Building wheels for collected packages: llama-cpp-python
  Building wheel for llama-cpp-python (pyproject.toml) ... error
  error: subprocess-exited-with-error

  × Building wheel for llama-cpp-python (pyproject.toml) did not run successfully.
  │ exit code: 1
  ╰─> [26 lines of output]
      *** scikit-build-core 0.5.0 using CMake 3.27.4 (wheel)
      *** Configuring CMake...
      2023-09-13 19:04:10,988 - scikit_build_core - WARNING - libdir/ldlibrary: /home/guillaume/miniconda/envs/interpreter/lib/libpython3.11.a is not a real file!
      2023-09-13 19:04:10,989 - scikit_build_core - WARNING - Can't find a Python library, got libdir=/home/guillaume/miniconda/envs/interpreter/lib, ldlibrary=libpython3.11.a, multiarch=x86_64-linux-gnu, masd=None
      loading initial cache file /tmp/tmph_bvsb06/build/CMakeInit.txt
      -- The C compiler identification is unknown
      -- The CXX compiler identification is unknown
      CMake Error at CMakeLists.txt:3 (project):
        No CMAKE_C_COMPILER could be found.

        Tell CMake where to find the compiler by setting either the environment
        variable "CC" or the CMake cache entry CMAKE_C_COMPILER to the full path to
        the compiler, or to the compiler name if it is in the PATH.


      CMake Error at CMakeLists.txt:3 (project):
        No CMAKE_CXX_COMPILER could be found.

        Tell CMake where to find the compiler by setting either the environment
        variable "CXX" or the CMake cache entry CMAKE_CXX_COMPILER to the full path
        to the compiler, or to the compiler name if it is in the PATH.


      -- Configuring incomplete, errors occurred!

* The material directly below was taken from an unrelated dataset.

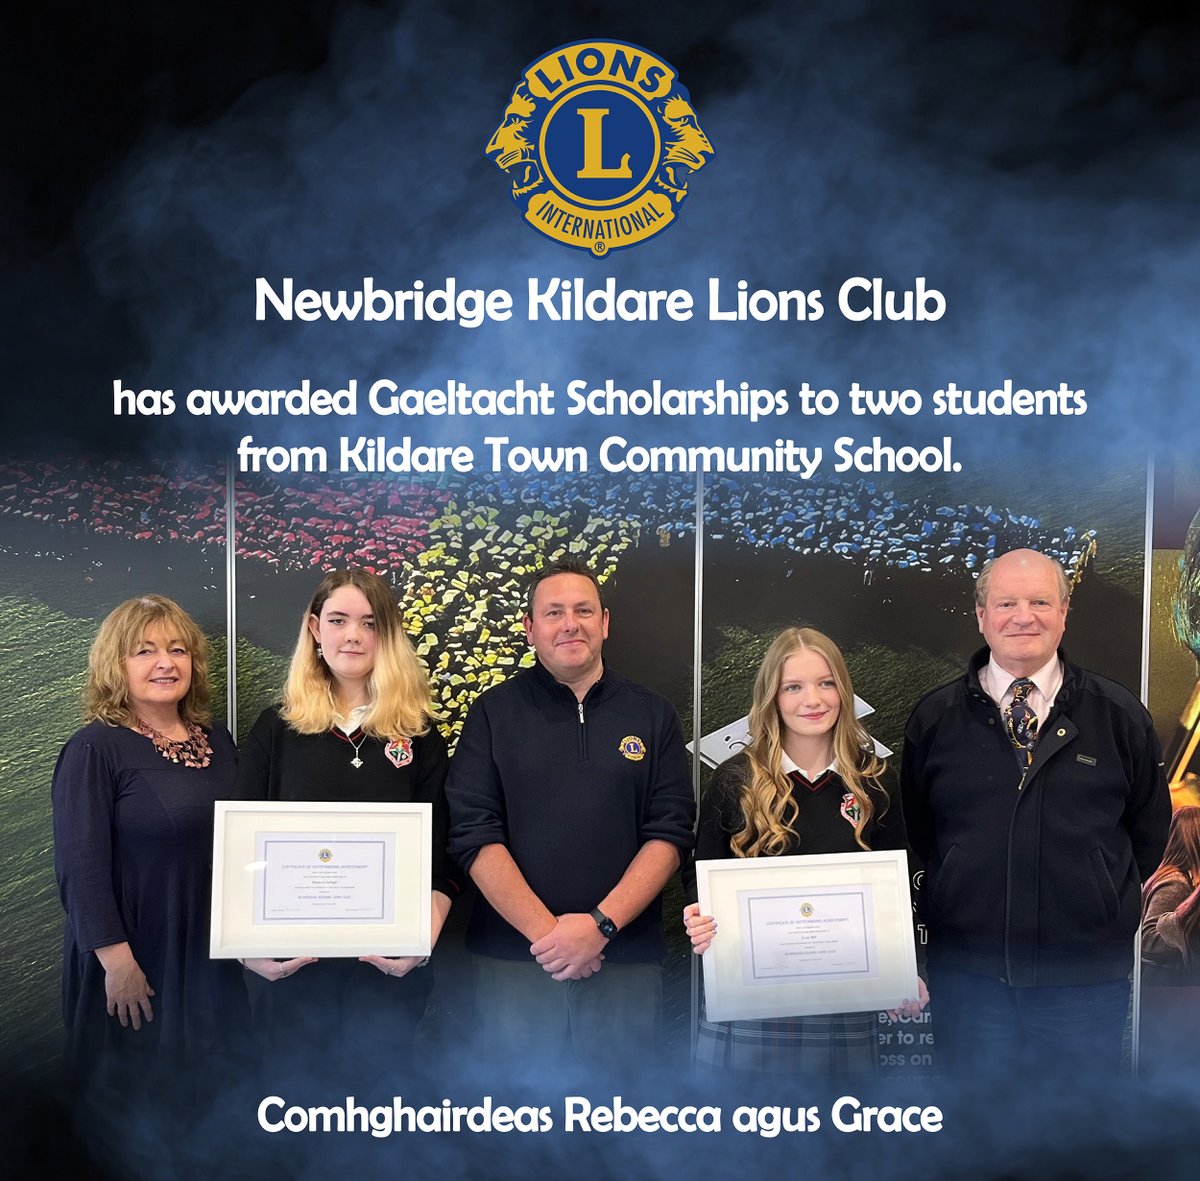 Newbridge Kildare Lions Club are delighted to again award Gaeltacht Scholarships to two outstanding students from Kildare Town Community School. Comhghairdeas Rebecca agus Grace. We hope that you have a fabulous two weeks of learning and fun at the Gaeltacht this summer.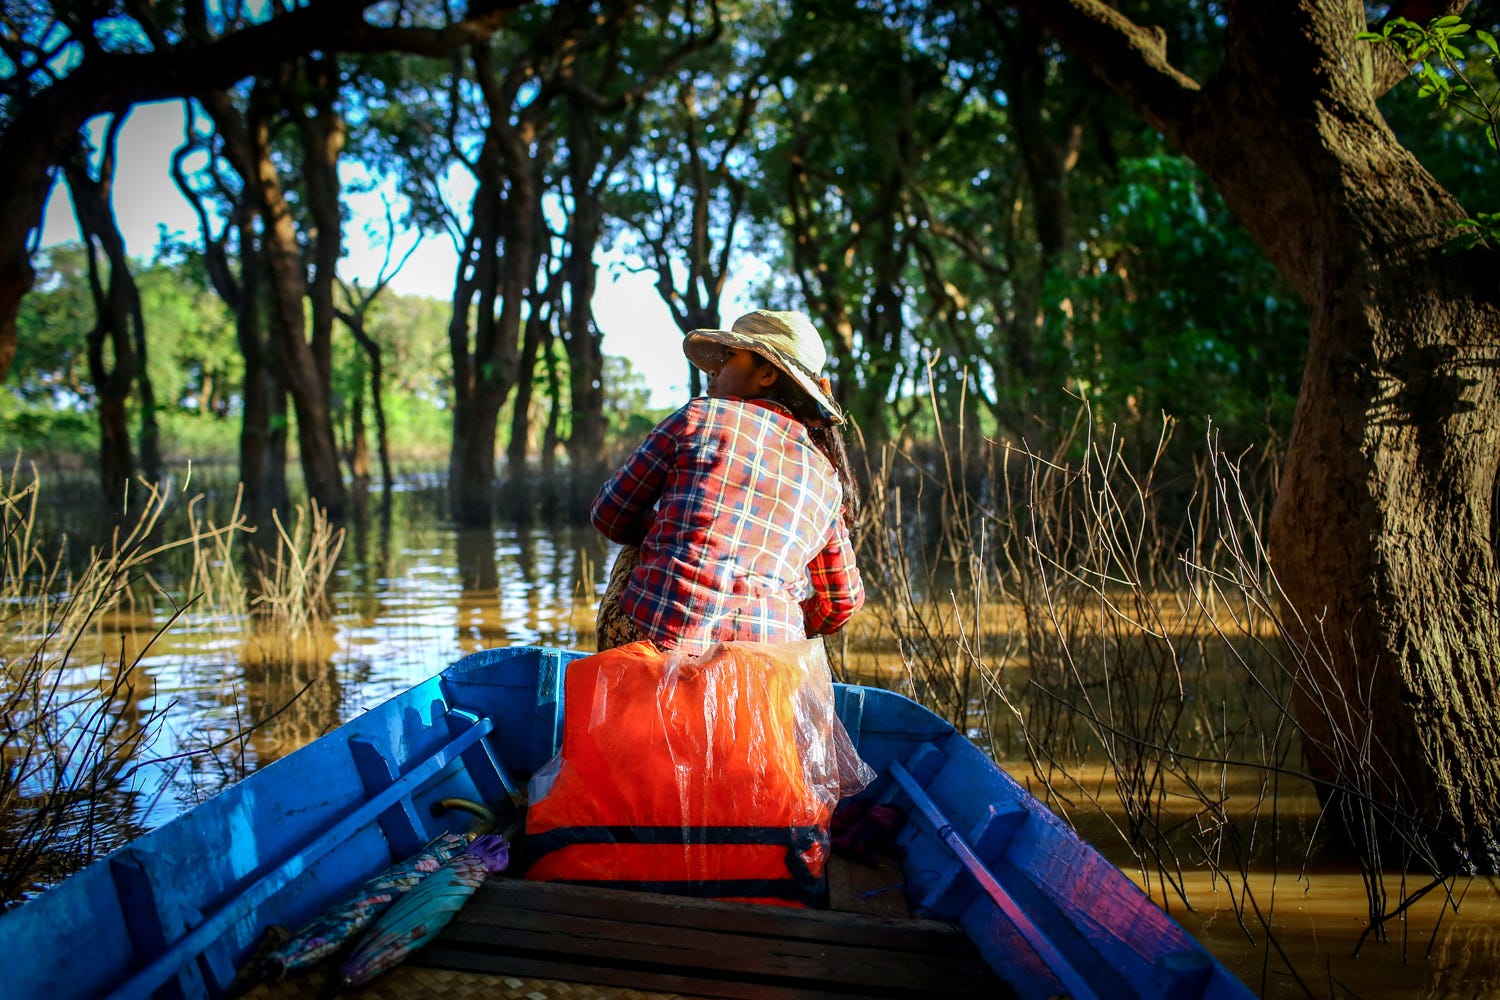 A woman in a plaid shirt is sitting at the front of a small, blue boat, wearing a straw hat and turning to look over her shoulder to speak to the photographer. All around the boat are large trees growing out of a lake. This is a "floating forest" though only the boat floats.

      *** CMake configuration failed
      [end of output]

  note: This error originates from a subprocess, and is likely not a problem with pip.
  ERROR: Failed building wheel for llama-cpp-python
Failed to build llama-cpp-python
ERROR: Could not build wheels for llama-cpp-python, which is required to install pyproject.toml-based projects
Error during installation with cuBLAS: Command
'['/home/guillaume/miniconda/envs/interpreter/bin/python', '-m',
'pip', 'install', 'llama-cpp-python']' returned non-zero exit status1.

During handling of the above exception, another exception occurred:

Traceback (most recent call last):
  File "/home/guillaume/miniconda/envs/interpreter/lib/python3.11/site-packages/interpreter/interpreter.py", line 203, in chat
    self.llama_instance = get_hf_llm(self.model, self.debug_mode, self.context_window)
                          ^^^^^^^^^^^^^^^^^^^^^^^^^^^^^^^^^^^^^^^^^^^^^^^^^^^^^^^^^^^^
  File "/home/guillaume/miniconda/envs/interpreter/lib/python3.11/site-packages/interpreter/get_hf_llm.py", line 200, in get_hf_llm
    from llama_cpp import Llama
ModuleNotFoundError: No module named 'llama_cpp'

Failed to install TheBloke/CodeLlama-34B-Instruct-GGUF.

Common Fixes: You can follow our simple setup docs at the link belowto resolve common errors.


 https://github.com/KillianLucas/open-interpreter/tree/main/docs


If you've tried that and you're still getting an error, we have
likely not built the proper TheBloke/CodeLlama-34B-Instruct-GGUF
support for your system.

( Running language models locally is a difficult task! If you have
insight into the best way to implement this across
platforms/architectures, please join the Open Interpreter community
Discord and consider contributing the project's development. )

interpreter help

This page explains additionnal stuff

https://github.com/KillianLucas/open-interpreter/blob/main/docs/GPU.md#windows-subsystem-for-linux-2-wsl2

I tried with

CUDA_PATH=/usr/local/cuda FORCE_CMAKE=1 CMAKE_ARGS='-DLLAMA_CUBLAS=on' \
pip install llama-cpp-python --force-reinstall --upgrade --no-cache-dir -vv

First execution

Just run interpreter -y --local

1st tests, this is extremely slow, and it doesn’t seem to use GPU. (that’s maybe why)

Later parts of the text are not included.